1     The Renaissance, a rebirth of interest in art and science, appeared in different ways in different places. In Italy, the center of the Renaissance, it showed up as a rebirth of interest in classical Greek and Roman culture. In Flanders, a Renaissance center in Northern Europe, the Renaissance appeared as a more gradual change from the style of the Middle Ages to a more realistic and expressive style.
 
2     Flanders was what we now know as Belgium and part of France. It was at some distance from Italy and other European cities where the Renaissance had already begun to flourish. Of course, Flemish artists had heard of Michelangelo, Raphael, and other Renaissance giants, and were interested in their work.
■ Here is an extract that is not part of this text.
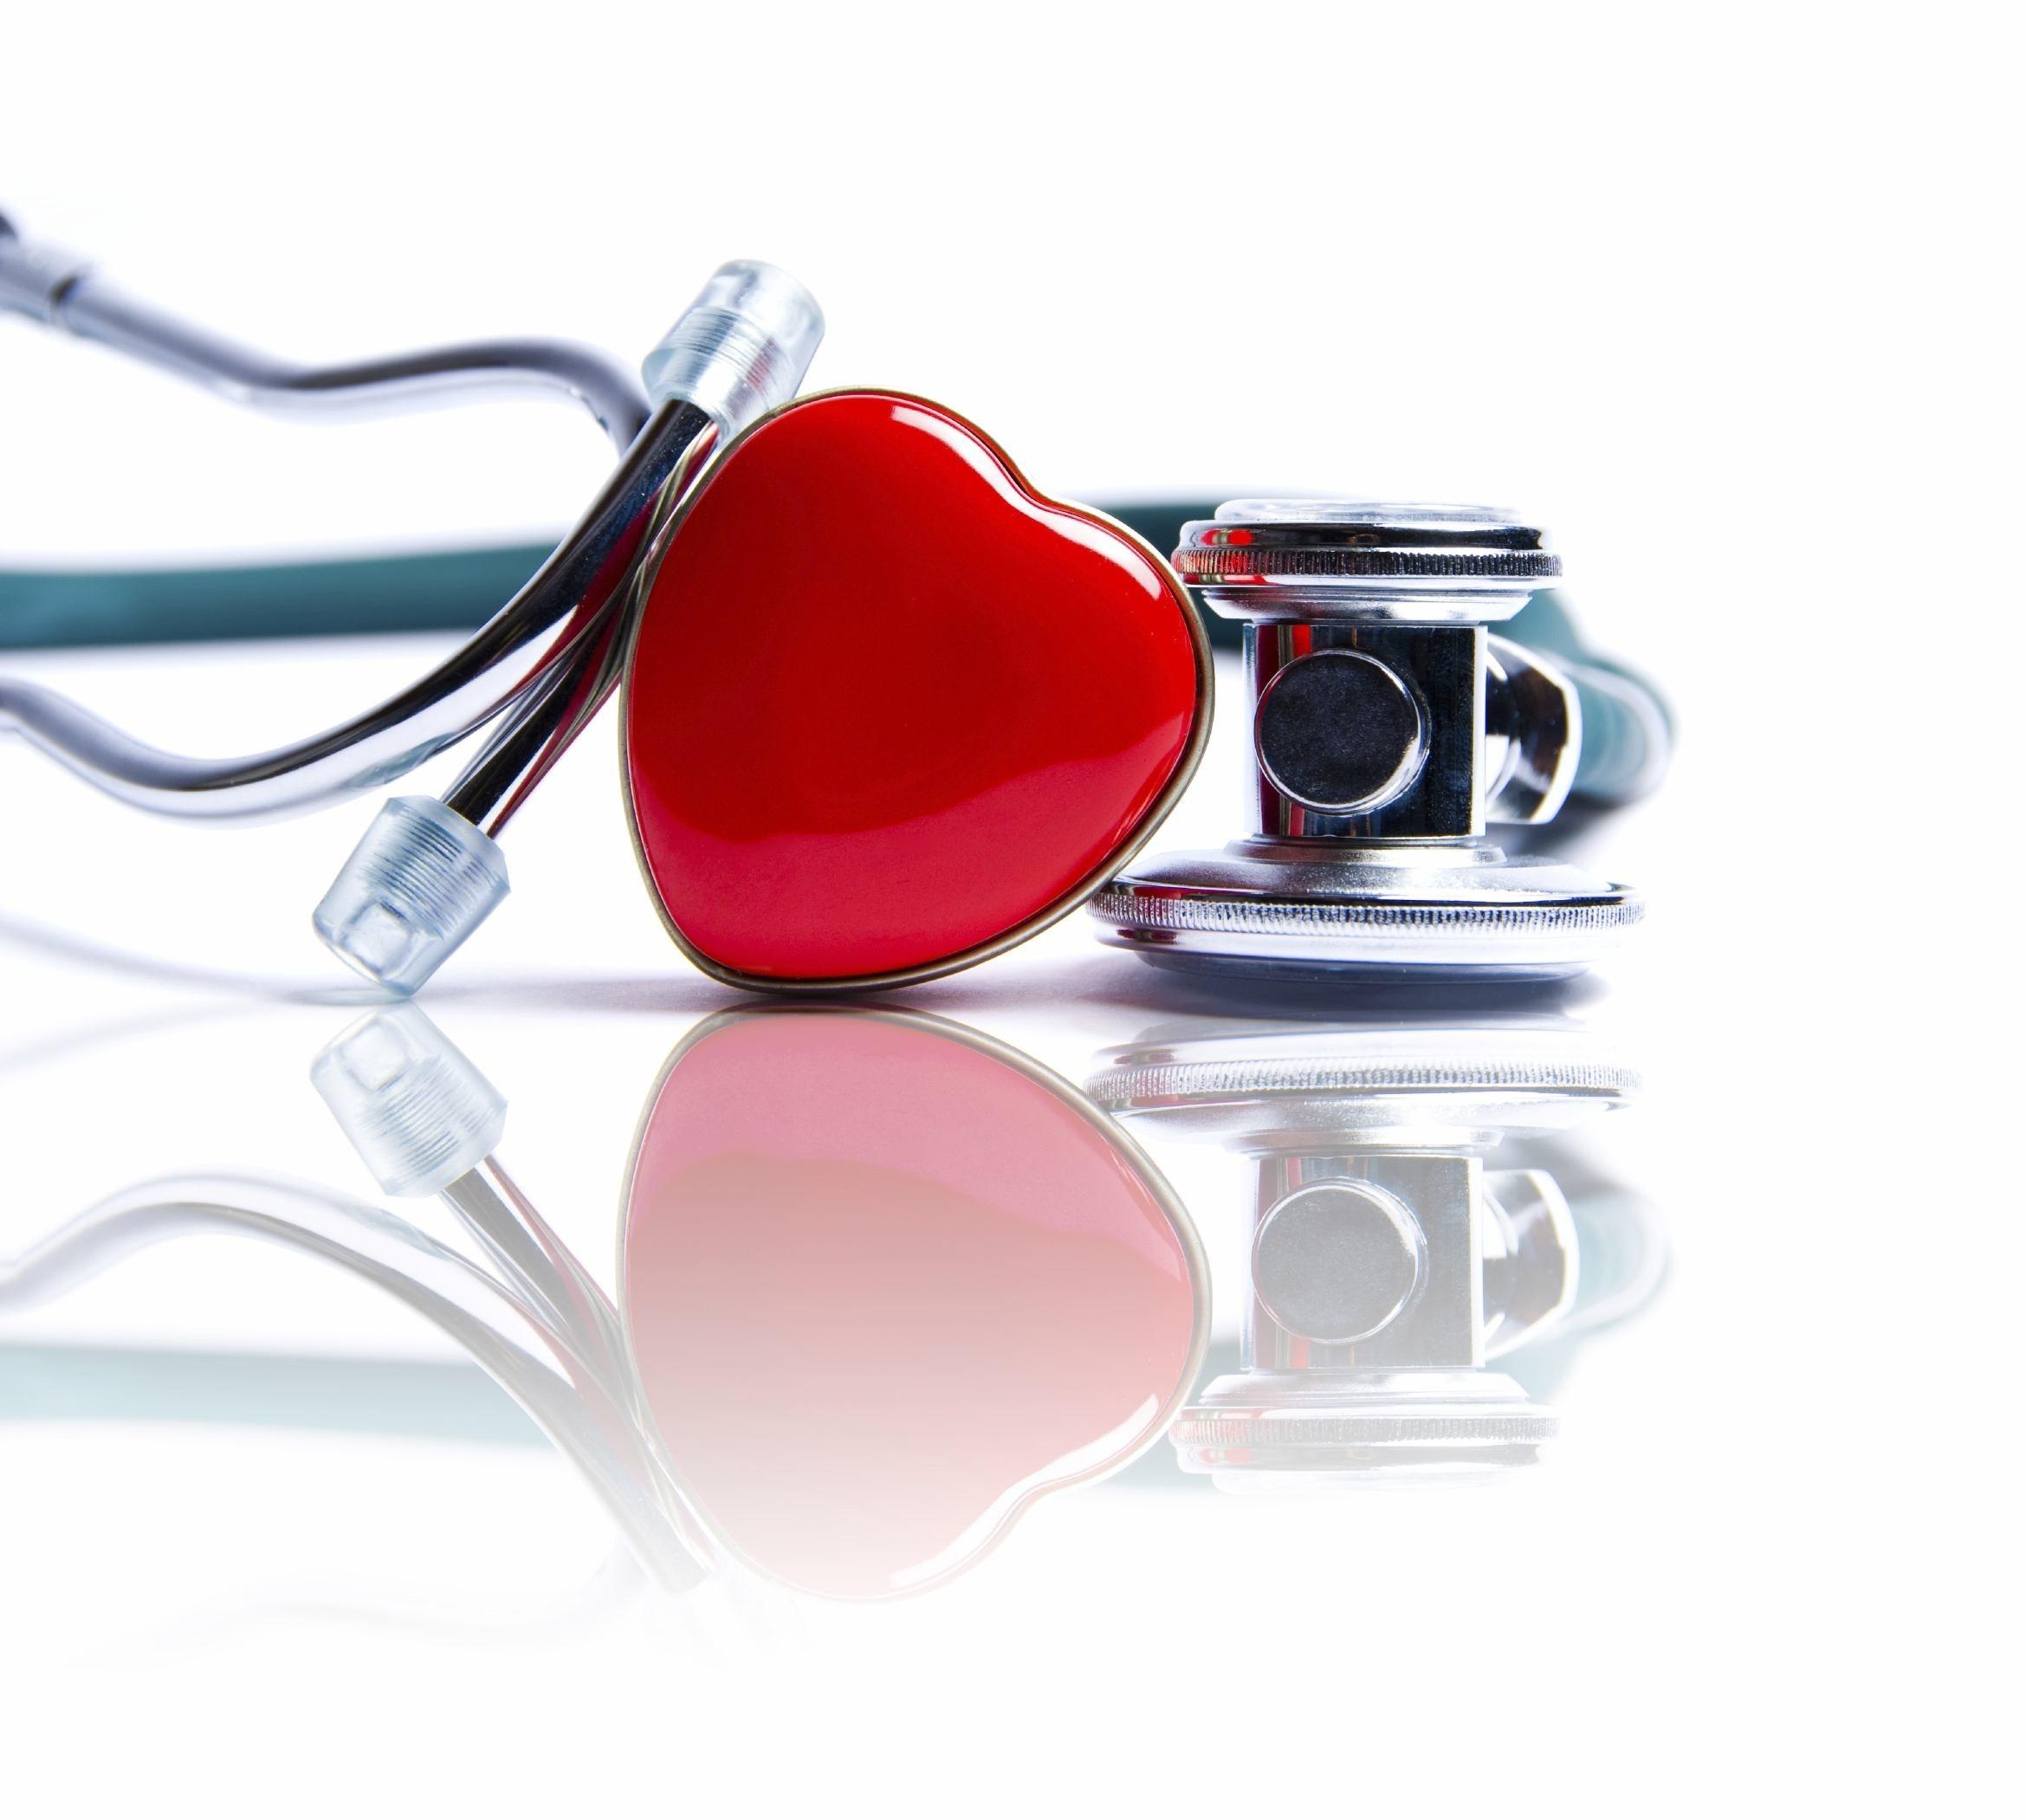 hjerte, hjerteforskning, forskning, forskere, hjerteforeningen, sundhed, sygdom, sygehus, læge, hospital
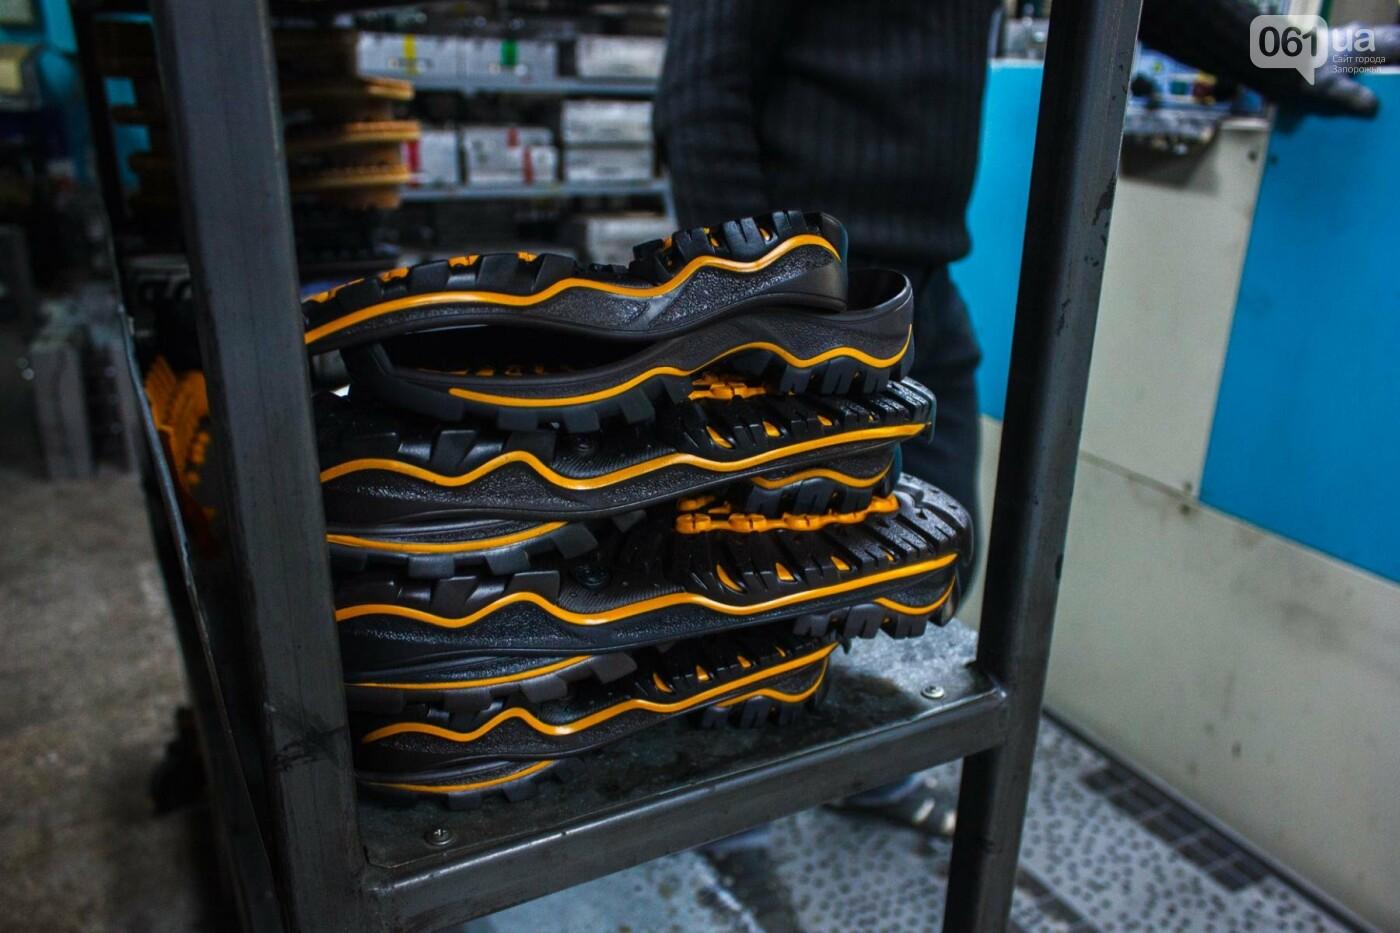 Как создается обувь: экскурсия на запорожскую обувную фабрику, – ФОТОРЕПОРТАЖ, фото-25

Flemish artists were also developing their own unique style in the 1500's.
 
3     During the Middle Ages, miniature paintings had been popular in Flanders. These miniatures were the style used in illuminated manuscripts, books with tiny paintings for the initial letter on a page, or even full paintings in miniature. By the mid 1500's, however, interest in miniatures began to fade, and another style captured the interest of both artists and the public.
 
4     This new style featured large paintings meant to be displayed in public. With this large format, artists could go into much more detail in each painting. They began to create paintings that were much more realistic and expressive than earlier works of art. In fact, realism and facial expressions are two features that distinguish Renaissance painting from earlier styles.
 
5     The founder of Renaissance painting in Flanders was Jan van Eyck. He painted with oil paints and was one of the first to show just what could be done in this medium.